In these article (before dwelling long upon deep learning fundamentals) I would like to talk a bit aboutÂ neural networks. So first of all why do we need neural networks?

**Neural Networks**

There are several algorithms and data structures that are working pretty well. For example, we can sort given items with quicksort quite efficiently. Or we can calculate the shortest path in a directed graph with shortest path algorithms. But there are other non-trivial problems: how to recognize a human face? For us humans it is quite straightforward … but how to program computers to do so? Computer scientists have come to the conclusion that there is no predefined step-by-step algorithm for this problem. So maybe we should mimic human brain itself! Maybe an artificial neural network can do facial recognition just as easily as we humans. So this is why neural networks came to be!

A neural network has **3** layers: input layer, hidden layer (there can be more hidden layers not just one) and the output layer. We feed the network with input and then the network makes some prediction (which is the output). The “hello world” program for neural networks is the XOR problem.

Se we have two features: **x** and **y**. Thats why we have two neurons in the input layer. The output neuron should present the **x XOR y** values. So somehow we have to train our artificial neural network. What does it mean exactly? That after the training procedure, the network should give the correct results. If** x=0** and **y=0** then the output should be **0** (according to the XOR table). If **x=0** and **y=1** then the output should be **1**. And so on…
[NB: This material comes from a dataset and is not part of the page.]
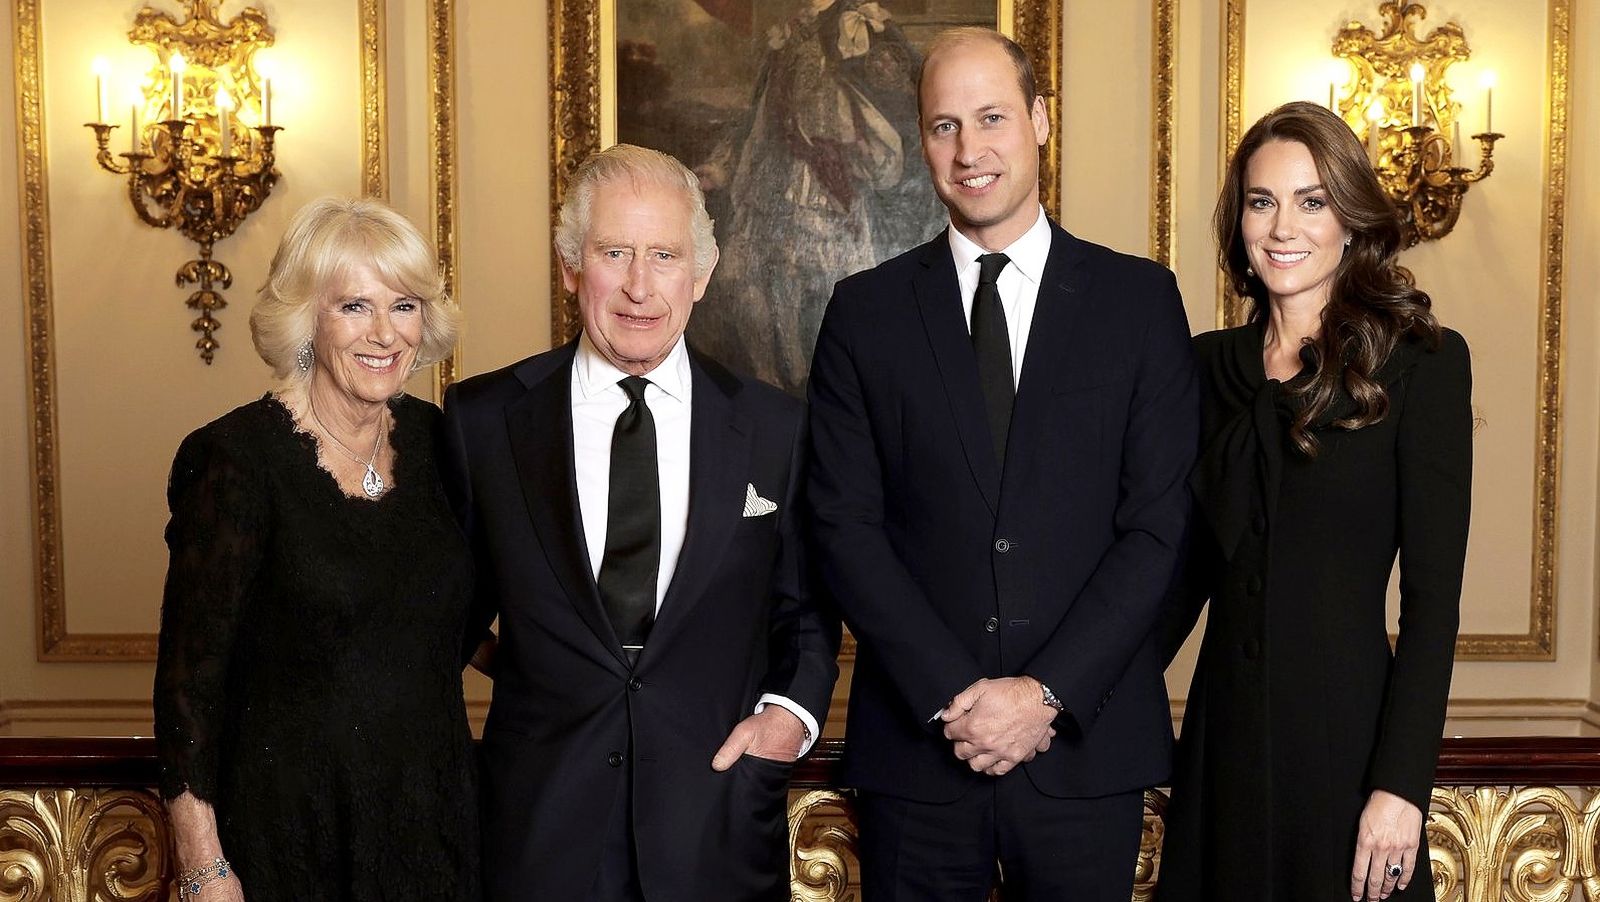 Royal news: новое фото короля Карла III, Камиллы, принца и принцессы Уэльских

**Calculating the Output**

Another good question: how to calculate the output? We have to apply the so-called activation function on the weighted sum of inputs.

So first we have to calculate the sum of weighted inputs. Then we can apply the activation function in order to end up with the activation. This is how we calculate the value/activation of every node in the network (of course for the inputs we do not have to do so because we get the exact data).

**Training the Neural Network**

So what is the big picture? A little change in the edge weights results in a little change in the output. So we just have to keep tuning the edge weights until we get the right output. Of course we need a dataset to know what is a good output and what is not. Thats why we have the XOR table in this case with all the input values and the associated output values. So we need something like the error: the difference between the result (so the output of the neural network) and the actual value (so the value from the XOR table). We want to end up with an optimization problem: so we want to minimize the error terms.

So the total error of the network is the sum of the differences between the **y** actual value (in the XOR table) and **y’** value (the prediction by the network). Of course if **C(w)** is **0** it means there is no error, the network makes the predictions present in the XOR table. This is exactly what we are after!

If we plot **(x,y)** value with the associated **C(w)** error value we end up with something like this. So we have to find the minimum of this function. Why? Because if **C(w)** is very small it means our neural network is making good predictions. Are there any optimization techniques to deal with this problem? Of course: gradient descent and stochastic gradient descent methods.